- Required work -
Copy, please, the line with "Pro-Flo 200 Series" and each line that follows it through the end of the data below, exactly as given and without pictures.

- Given information -
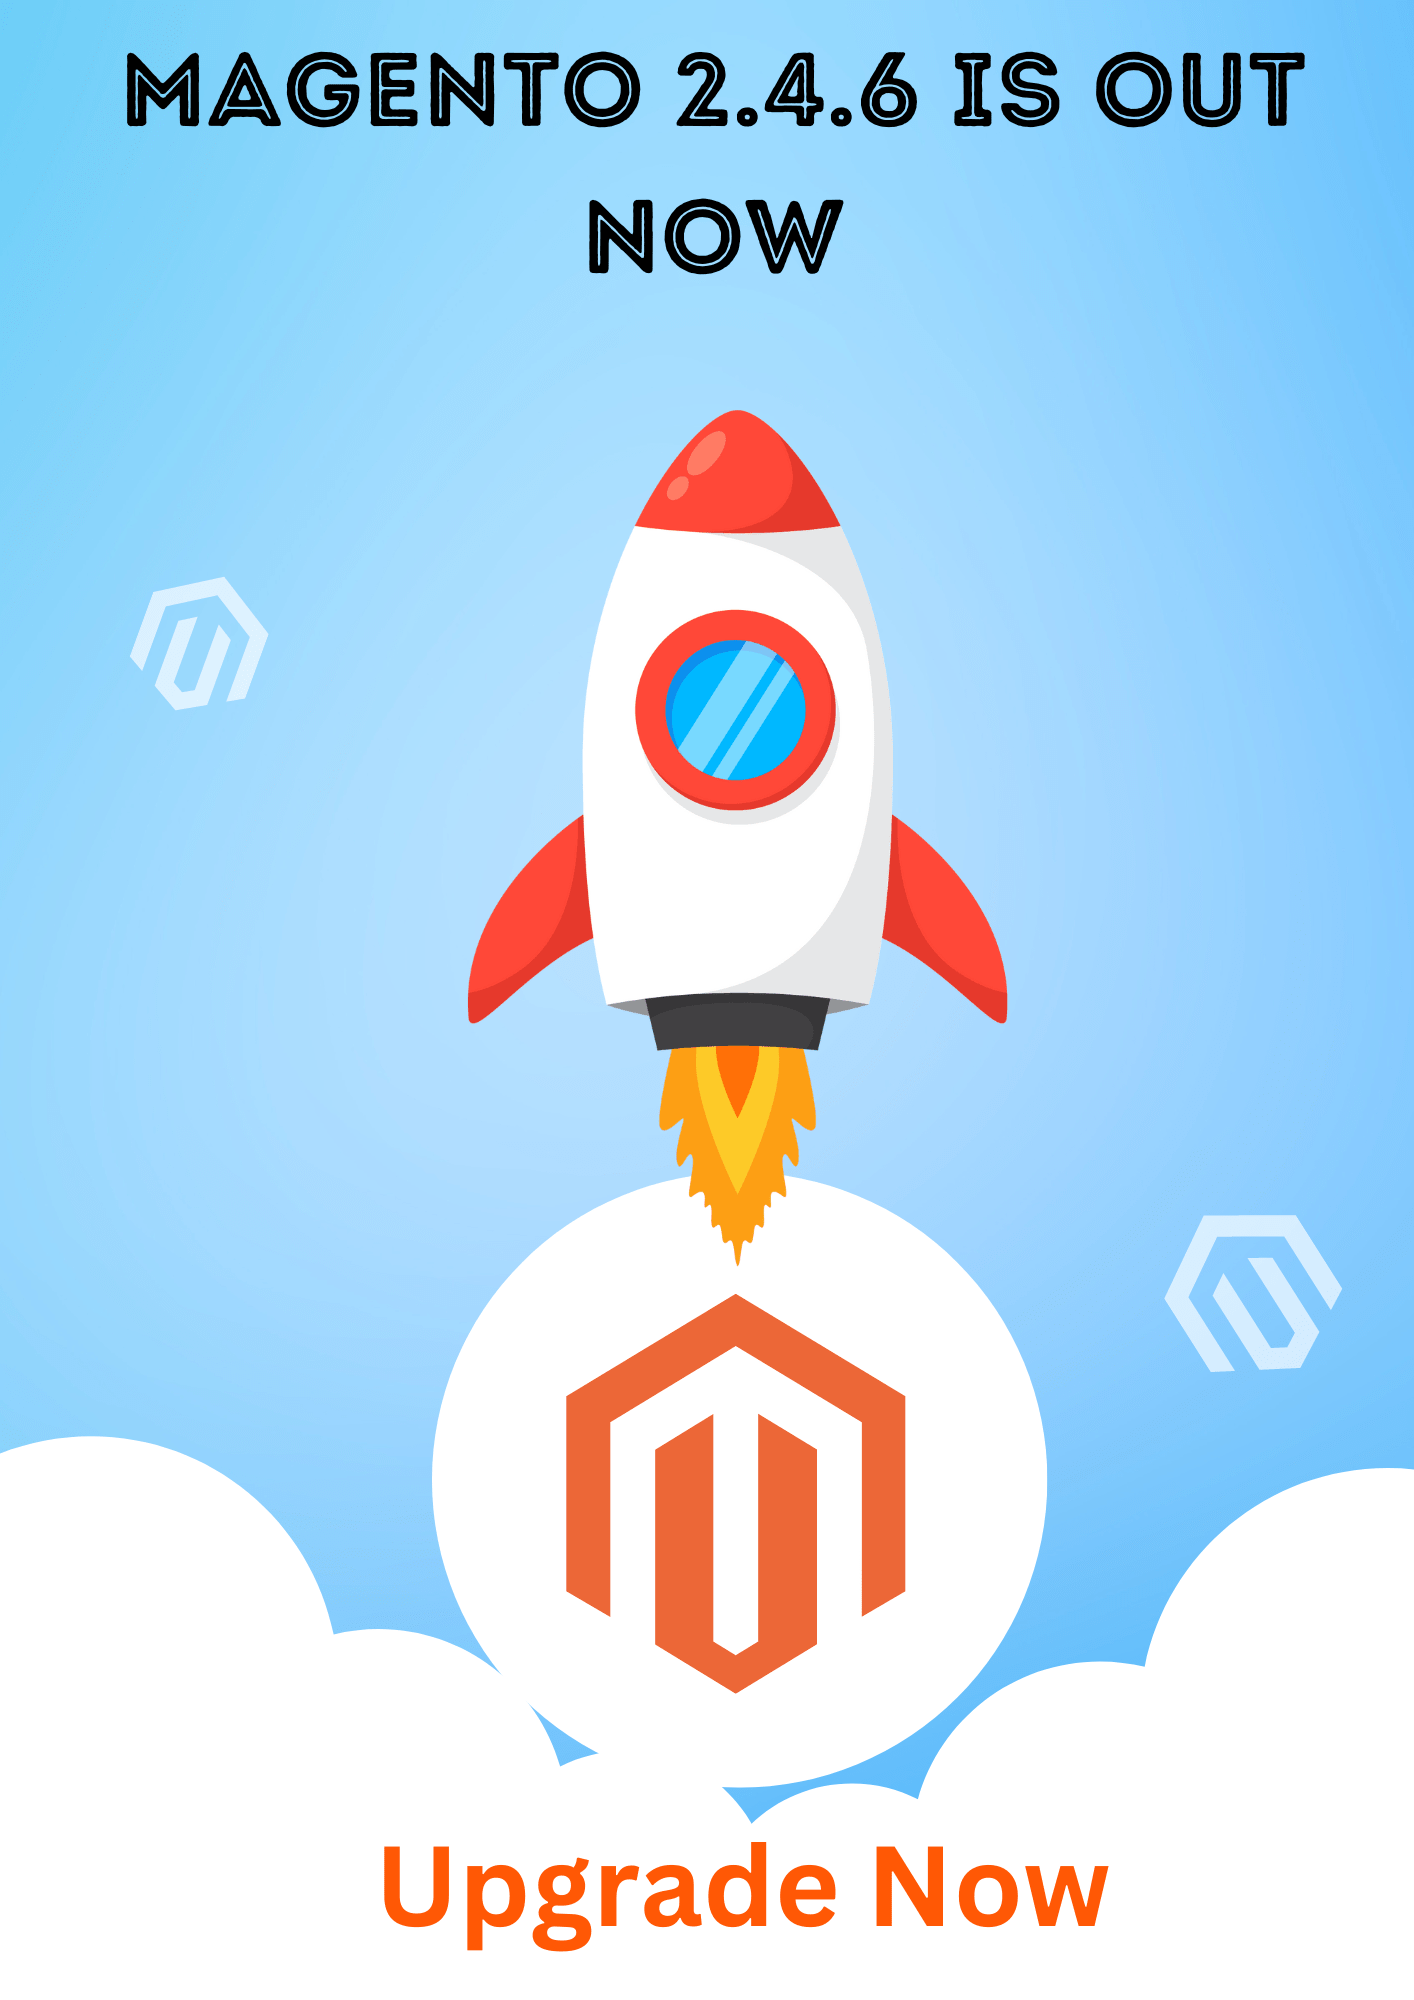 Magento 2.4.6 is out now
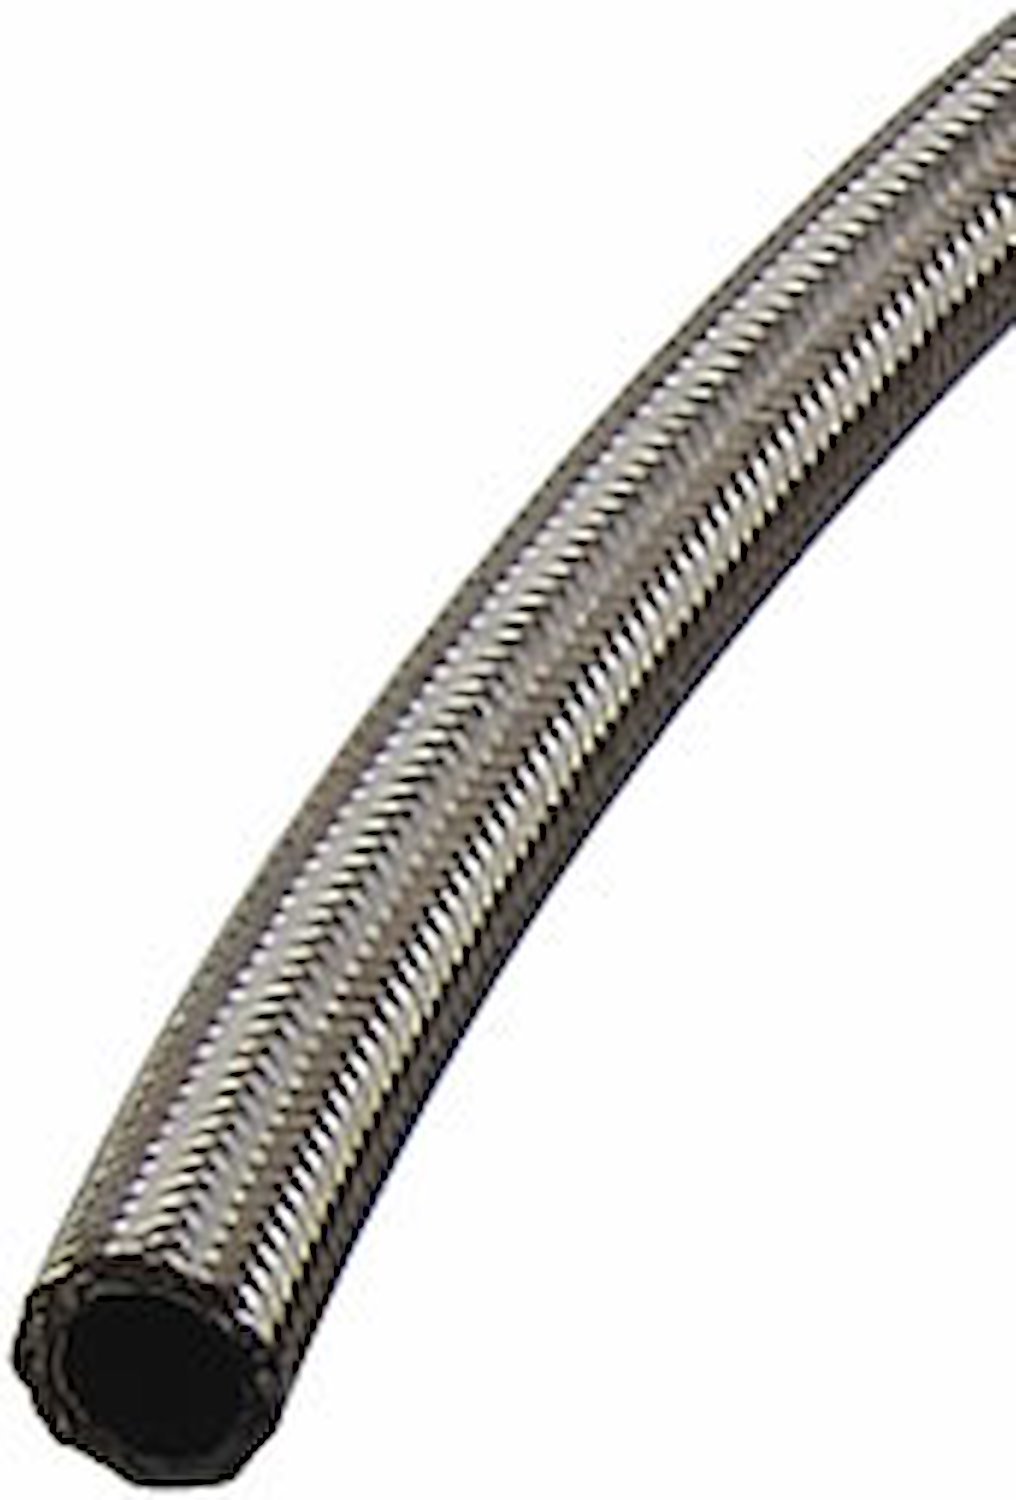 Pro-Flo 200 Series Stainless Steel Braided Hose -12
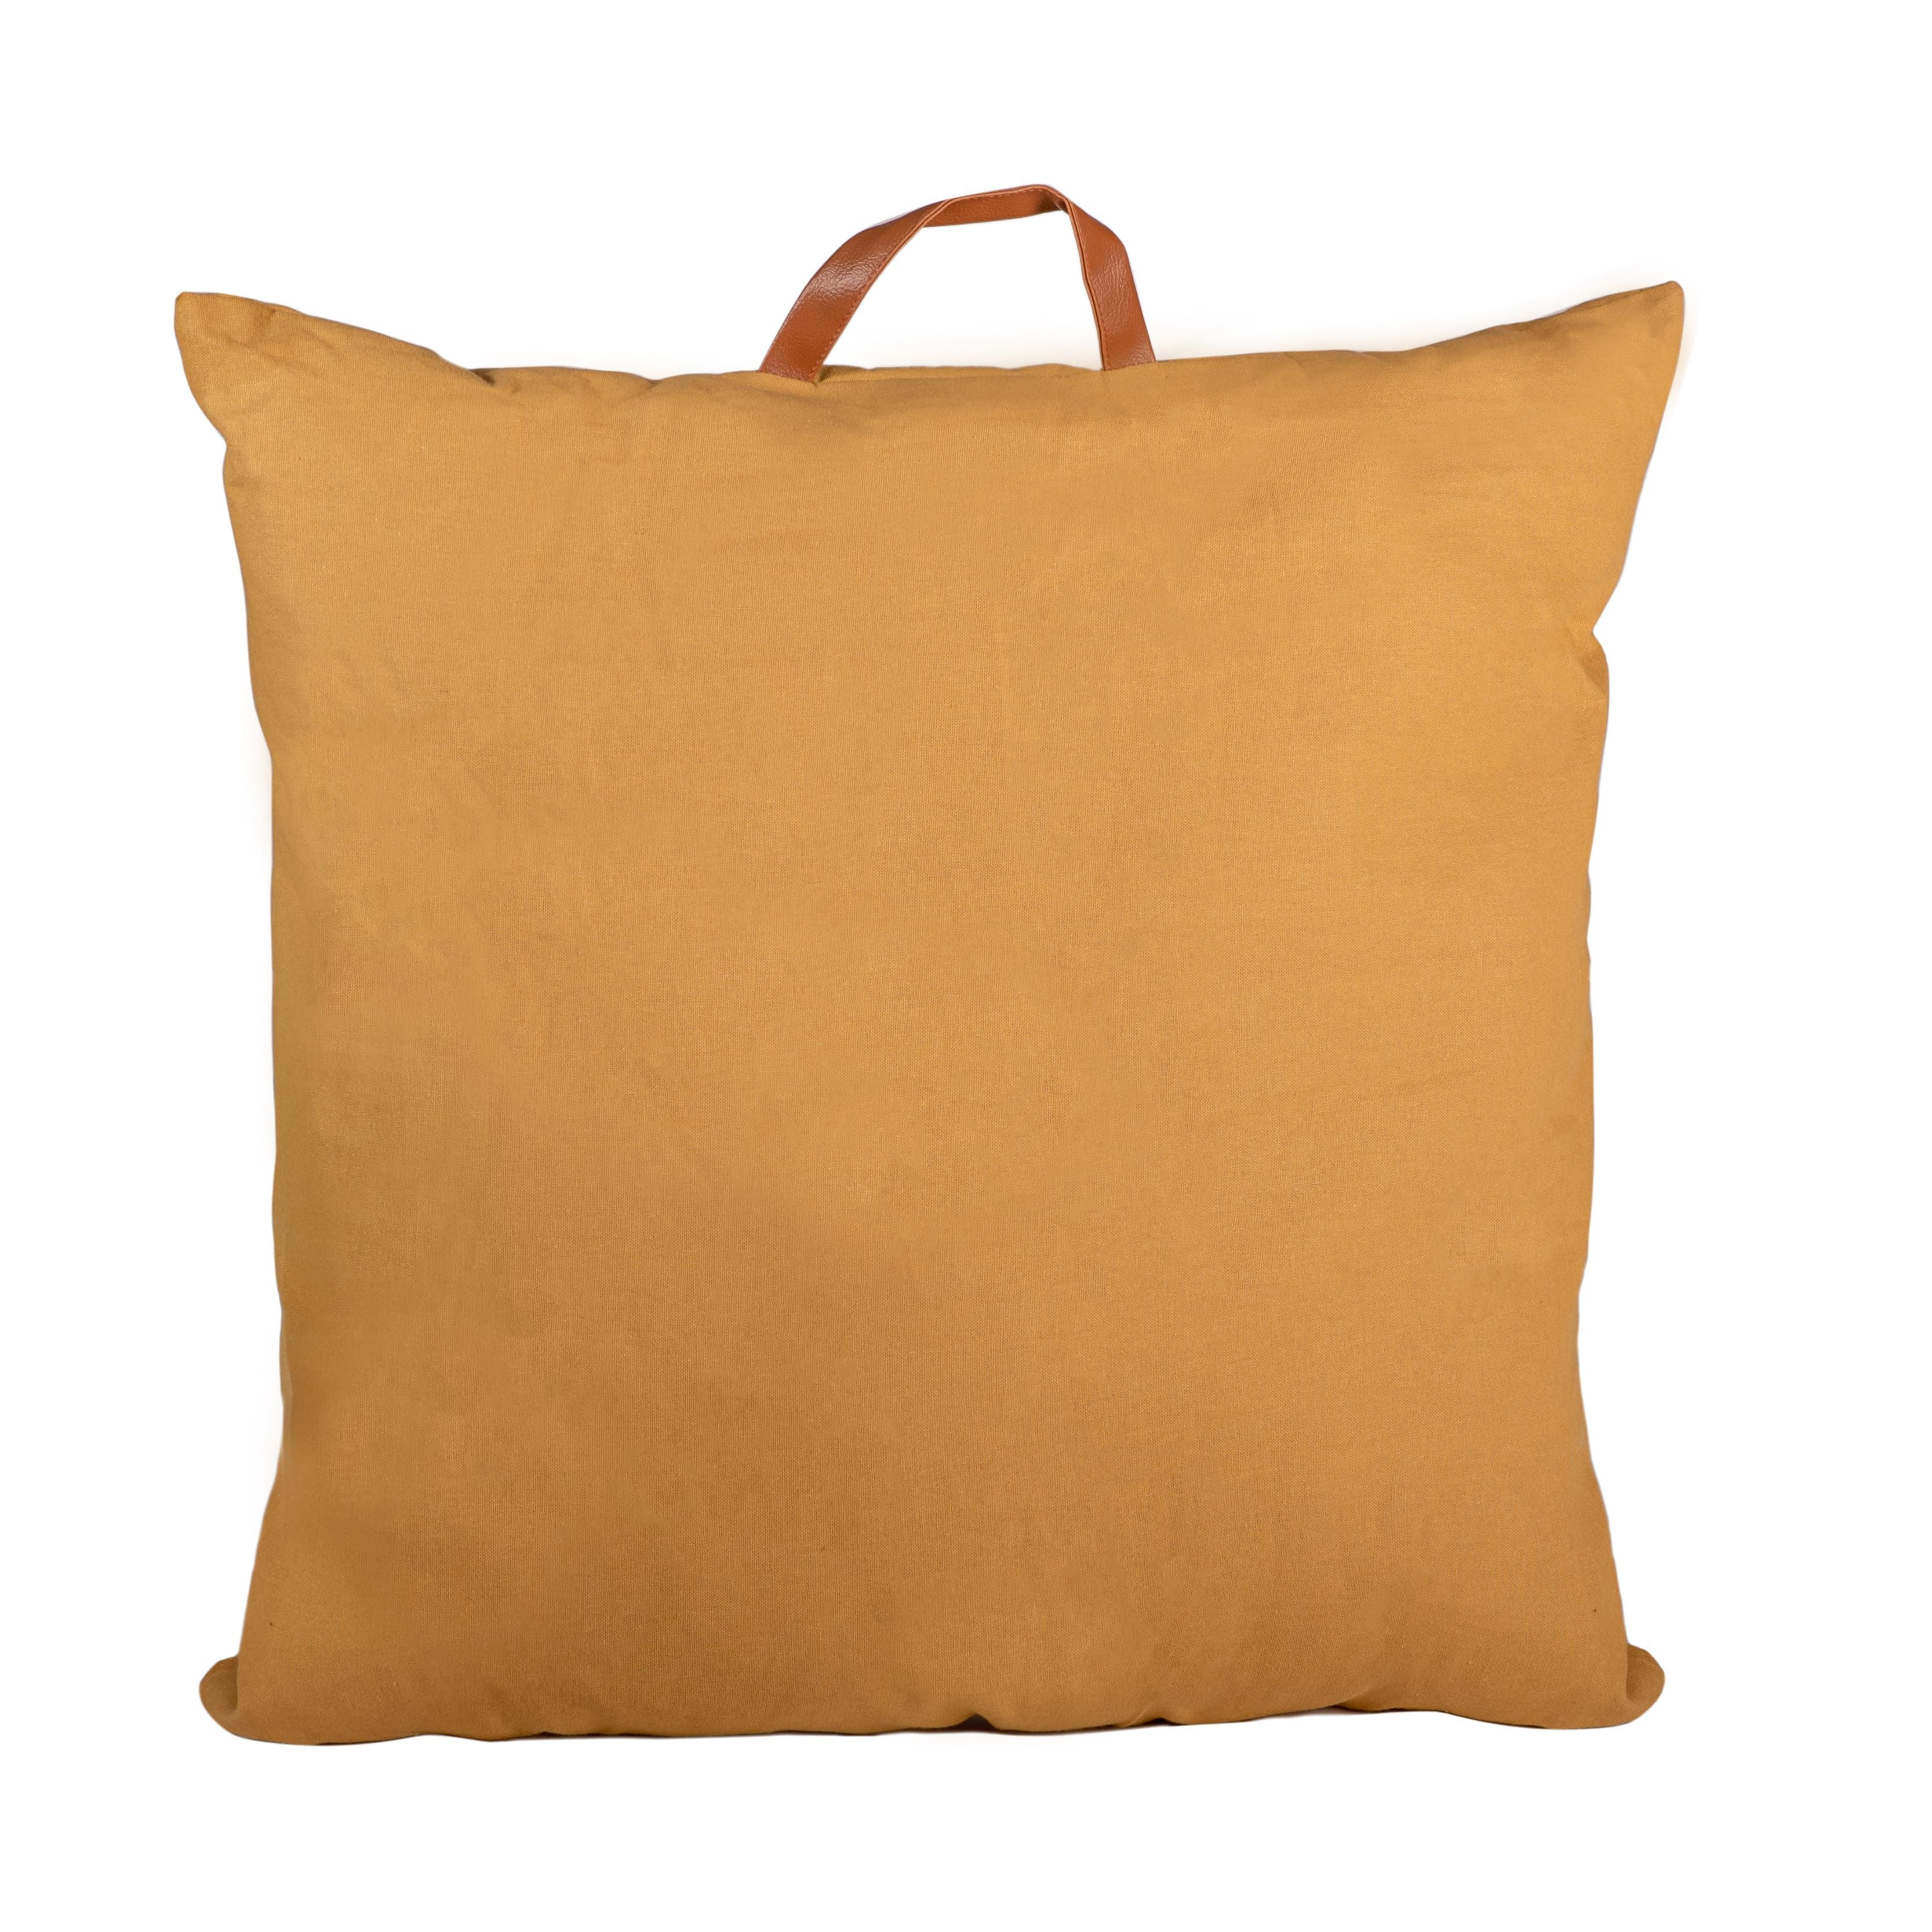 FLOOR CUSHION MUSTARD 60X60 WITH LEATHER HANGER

- Expected output -
 Pro-Flo 200 Series Stainless Steel Braided Hose -12
 FLOOR CUSHION MUSTARD 60X60 WITH LEATHER HANGER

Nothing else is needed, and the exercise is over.